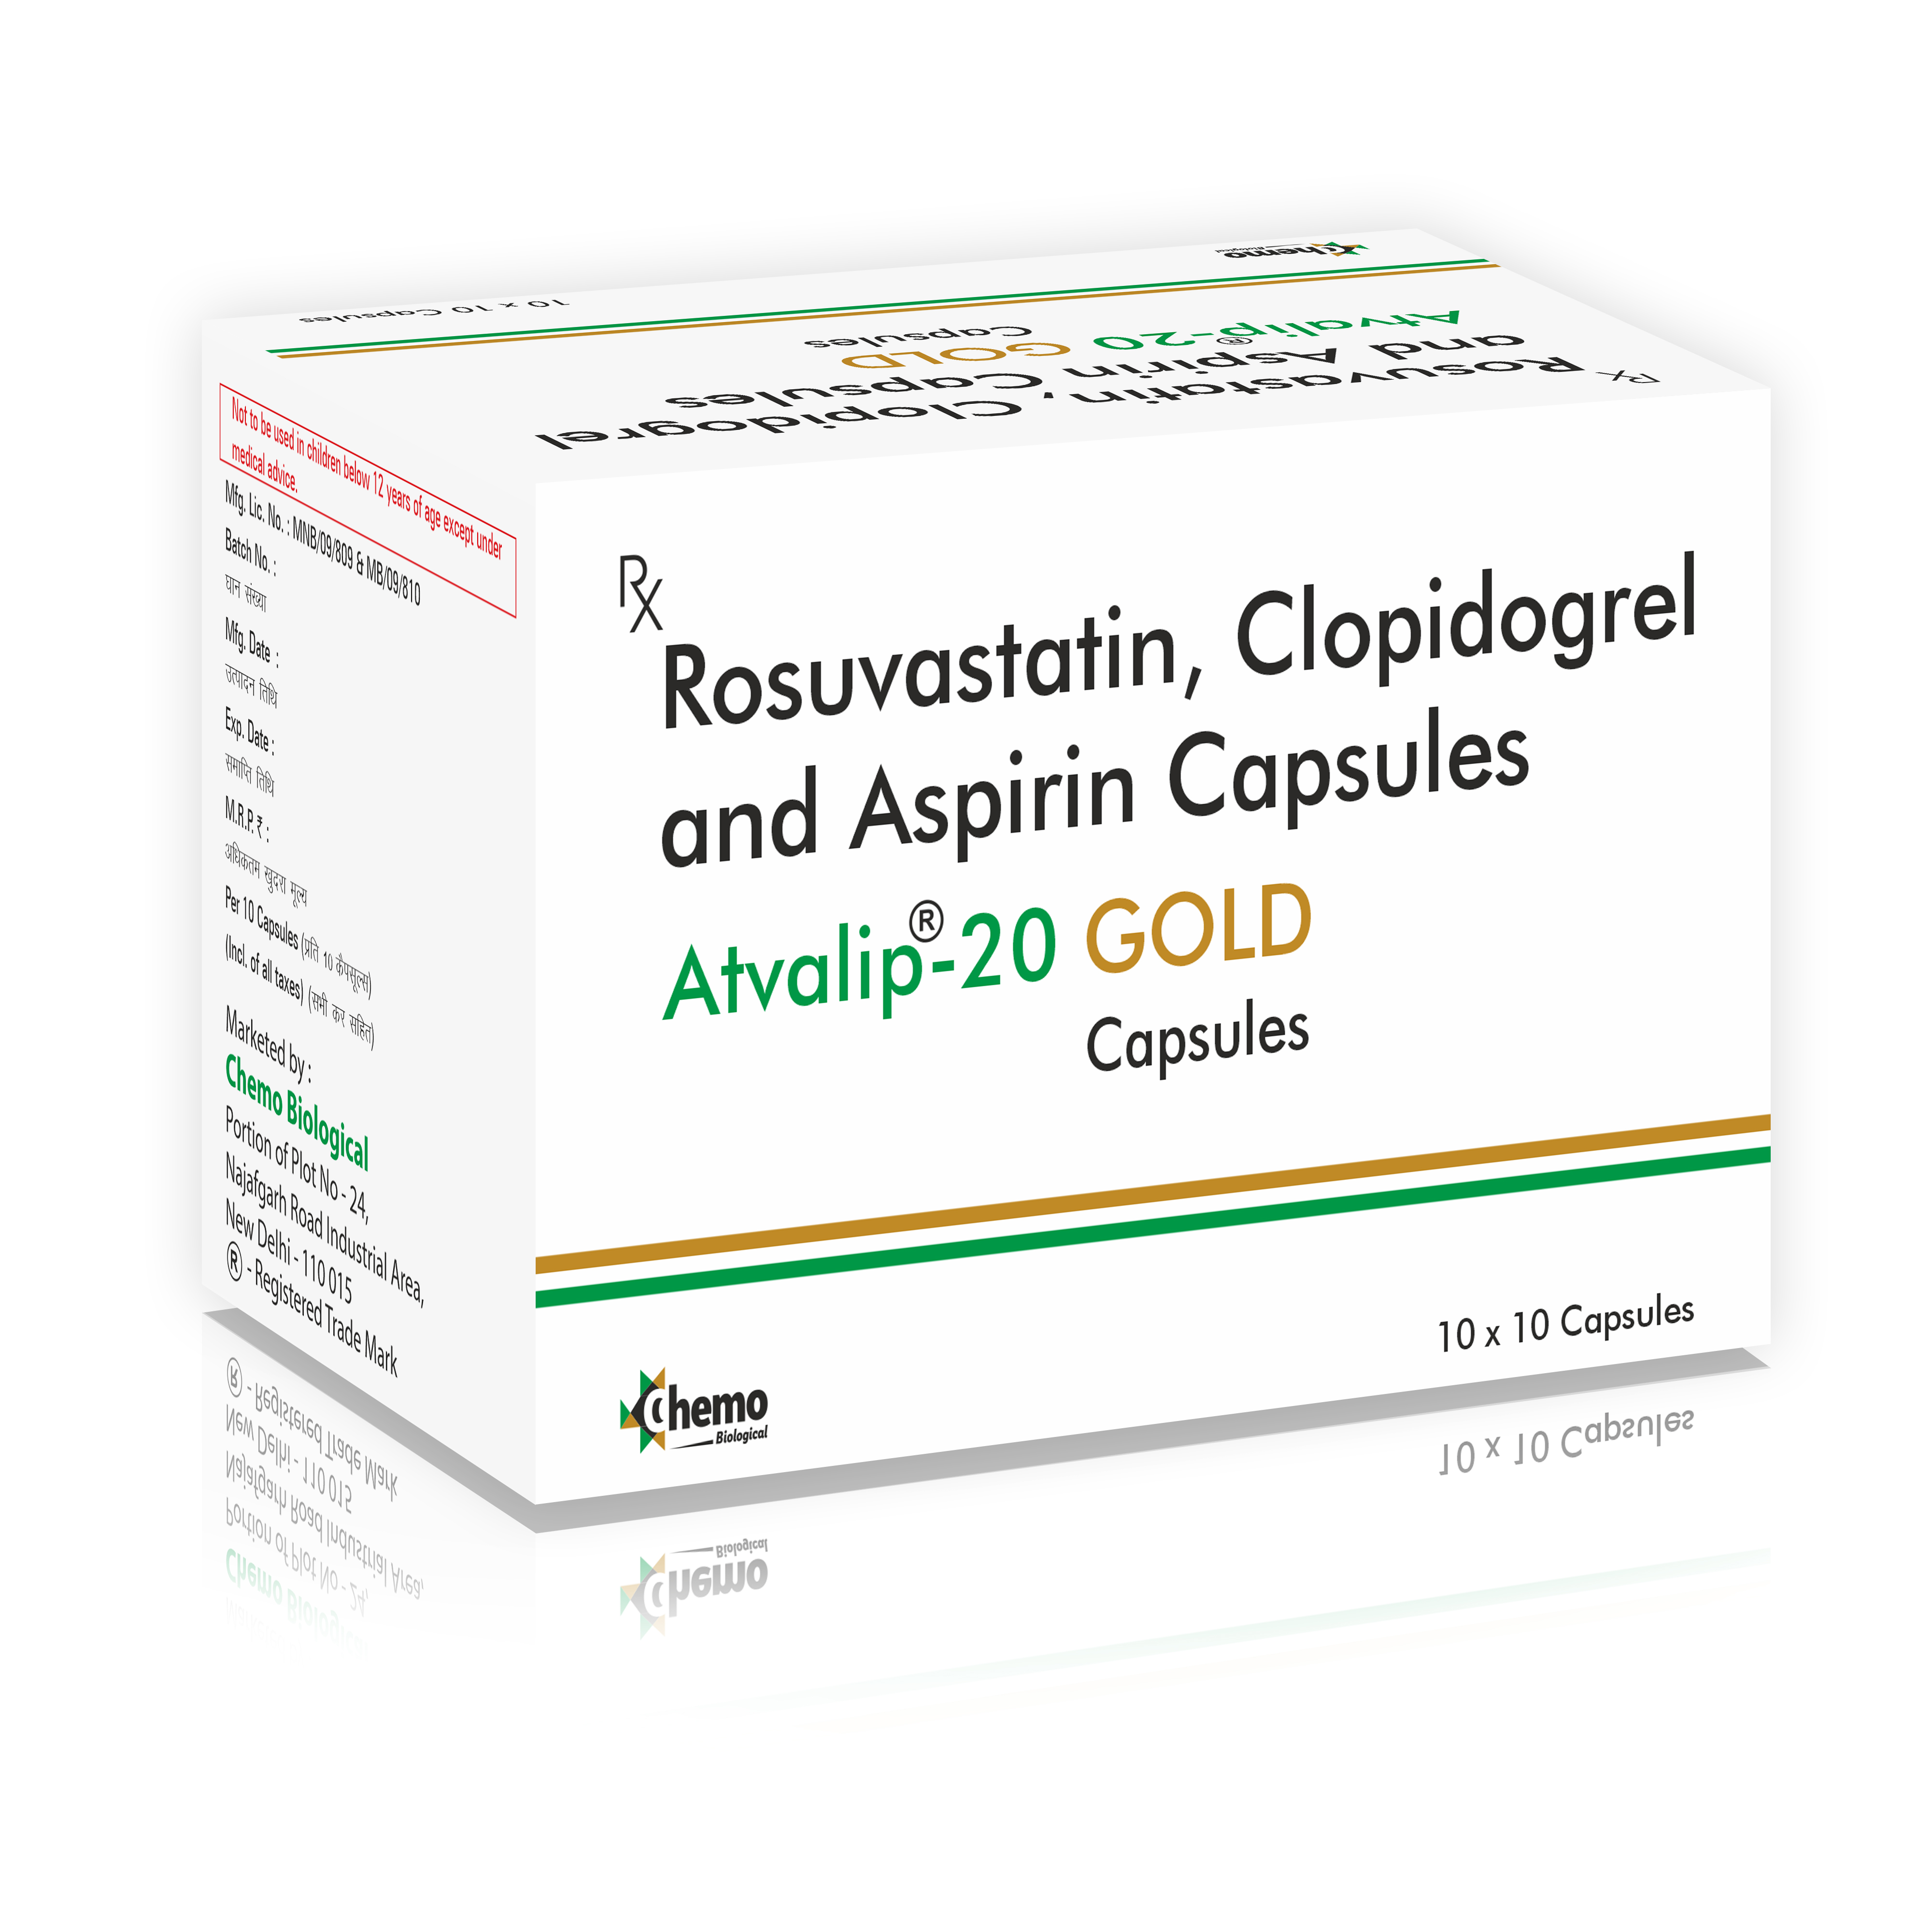 rosuvastatin 20mg (film coated) + clopidogrel 75mg (pallets) +
aspirin 75mg (gastro resistant pallets)
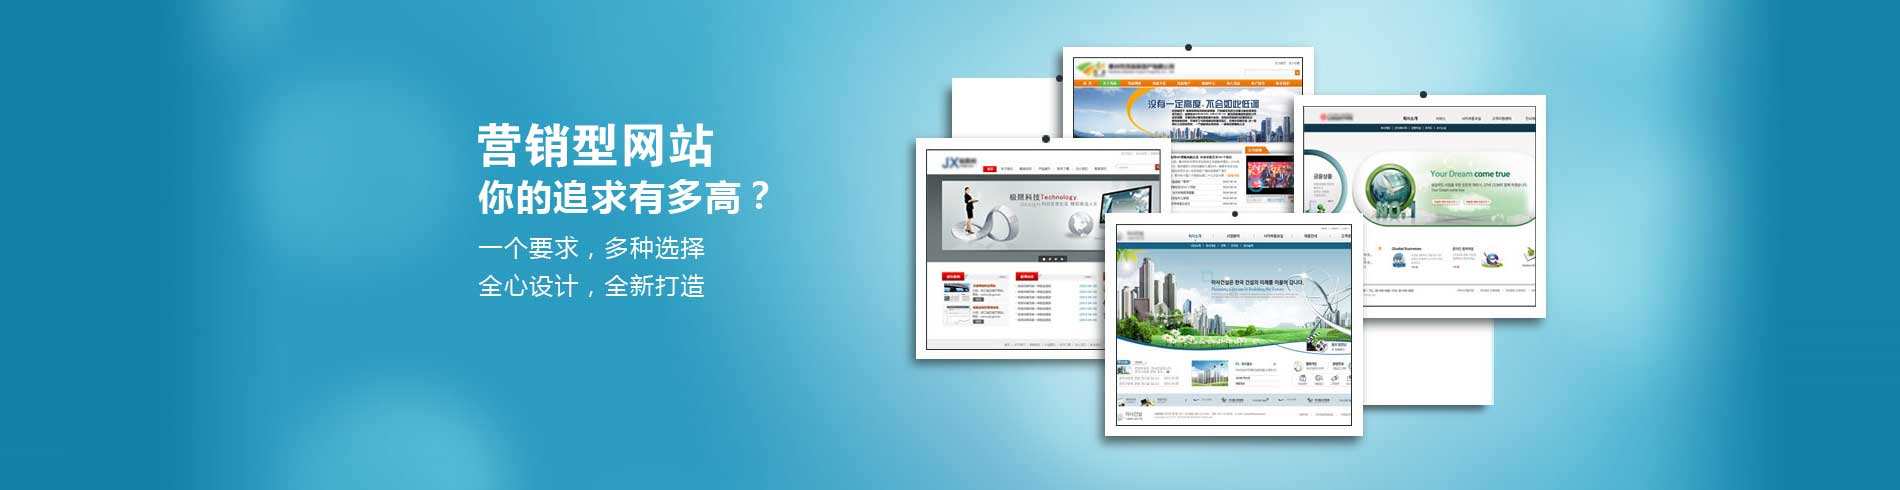 杭州网页设计对产品宣传有用么

» **What you will do**:
Transcribe the span of lines that runs from the line with "aspirin 75mg (gastro resistant pallets)" to the end of the data, both ends included, exactly, with nothing else and no pictures.

» **Written solution**:
aspirin 75mg (gastro resistant pallets)
 杭州网页设计对产品宣传有用么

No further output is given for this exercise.